Generalization Probes
As recommended by Schlosser and Lee (2000), generalization probes were conducted throughout all phases of the study for each participant: (a) at least once prior to the start of intervention, (b) every six intervention sessions, and (c) when possible, at 2-, 4-, and 8-week intervals postintervention. These probes consisted of a conversation between each child and one member of the child's educational team. Mateo and Dante conversed with their respective special education teachers; Carmen and Geli with their AT/AAC specialists; Jesse, Joe, and Kareem with their instructional assistants; and Julian with his older adult sister (all child names are pseudonyms). Each child had the same conversation partner across all generalization probes. The adults were masked to the procedures of the intervention, and received no instructions on how to talk to the child, or what to talk about. The conversations were about topics both the child and the adult agreed on and typically lasted between 30–40 min. Therefore, these generalization probes occurred under conditions that were different from those of baseline and intervention sessions.
Training of Clinicians
Once the baseline sessions were completed, the clinicians received specific information about the intervention procedures. Because the training procedures were relatively straightforward and the clinicians had received extensive training in AAC discourse-based intervention during their clinical AAC program, a 40–50 min session was typically sufficient to complete the training procedures with the clinicians. Training included both verbal instructions by the first author and video models of child productions and appropriate clinical responses. The clinicians were also provided with a procedural checklist, which included intervention steps and strategies. Clinicians reviewed the checklist before each session. Clinicians worked with the participants either in baseline or treatment stages; that is, no clinician was simultaneously working in baseline with one participant while working in intervention with another.
Intervention
The targets of our intervention were key linguistic structures essential to early clause formation and grammaticalization, which includes verbs, pronouns, bound grammatical morphemes (e.g., third person -s, plural -s, past -ed, and present progressive -ing), and other frequently used words such as prepositions, articles, adjectives, and adverbs (see Supplemental Material S1). For children with severe MSDs and expressive language delay who use AAC, becoming fluent users of structural language components (i.e., pronouns, articles, verbs) and bound grammatical morphemes is an intervention priority because these not only form the basis of the English language but also have high combinatorial power and are essential to grammaticalization (Smith, 2015). On occasion, the clinician also modeled words that were child-specific and relevant to the conversation (e.g., prince, handsome). This approach is supported by reported association between individualized adult input in response to the child's initiations, and linguistic gains in children with communication disorders (see Camarata & Nelson, 2006; Hadley, Rispoli, Fitzgerald, & Bahnsen, 2011; Nelson et al., 1996; Warren, Fey, & Yoder, 2007).

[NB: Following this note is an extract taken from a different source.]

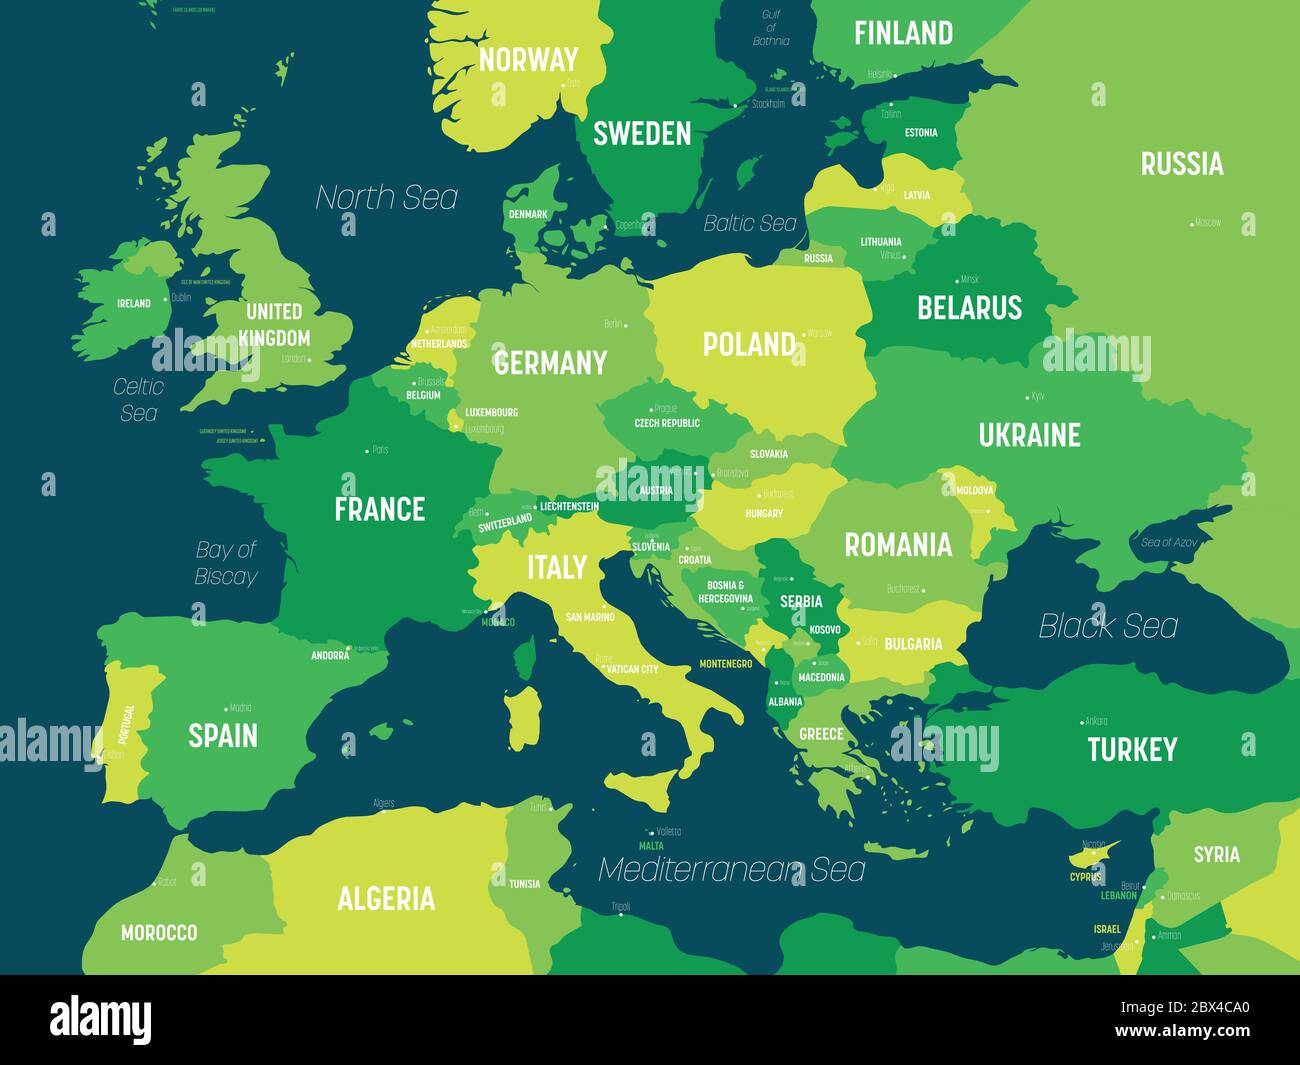 Mapa de Europa: Tono verde sobre fondo oscuro. Mapa político de alto nivel  de detalle del continente europeo con etiquetado de nombres de países,  capitales, océanos y mares Imagen Vector de stock -

During intervention, a student clinician met individually with each child twice a week, with each session lasting between 40–50 min (e.g., Ruston & Schwanenflugel, 2010). Each session consisted of a conversation between the clinician and the child. The clinician first presented the child with three photographs depicting the child at three different events, such as a birthday party, a field trip, or a vacation. The clinician then asked the child to choose a photograph he or she wanted to converse about and describe the event depicted. Upon receiving a response (e.g., “party”), the clinician elicited further information (e.g., using who, where, what questions).
The clinician then recast the child's responses into a grammatically correct sentence and followed the recast with explicit instruction and prompts (verbal and gestural) for the child to reformulate his or her original utterance. When the child produced the target response, the clinician used positive remarks to comment on the child's appropriate use of complete sentences, and continued the conversation with a contingent comment or question to encourage further communication (see sample interaction in Supplemental Material S1; Camarata & Nelson, 2006; Eisenberg, 2013; Ruston & Schwanenflugel, 2010). At each session, the participants were presented with new photographs unless the participants explicitly requested to continue a topic they had chosen in an earlier session.
During each session, the clinician delivered a minimum of 10 intervention episodes (question + recast + prompt), and targeted at least five words and two bound morphemes not observed during baseline. As many of the vocabulary targets were part of a limited set (i.e., personal pronouns, copula, prepositions, frequently used verbs), some of the same words (e.g., my, was, go, went, like, get) were practiced across multiple sessions providing for natural redundancy.
Intervention was provided at a rate of twice a week for 12 weeks for up to 24 sessions. The length, frequency, and total number of sessions was chosen to reflect the average number of sessions children with significant communication disorders are likely to receive when attending intensive discourse-based language intervention programs in the United States (cf. McGregor, 2000; Ruston & Schwanenflugel, 2010).
Data Analysis
Fidelity
Clinicians read a procedural checklist before each baseline and intervention session to remind them of study procedures, and they rated the extent to which they felt they had implemented the procedures after each session. Throughout baseline and intervention, the lead author also observed every fourth session to determine clinicians' compliance with the implementation of procedures, including comparing the clinicians' behavior against the procedural checklists. If clinicians fell below 85% compliance for any session (which happened infrequently and only at the beginning of the intervention phase), they were provided with written feedback about the step(s) that were omitted. If written feedback was not sufficient for the clinician to adhere to intervention procedures, the lead author met with the clinician and provided verbal feedback while jointly reviewing the videotape of the session when necessary. In most cases, written feedback was sufficient to return the clinician to 100% compliance with intervention procedures.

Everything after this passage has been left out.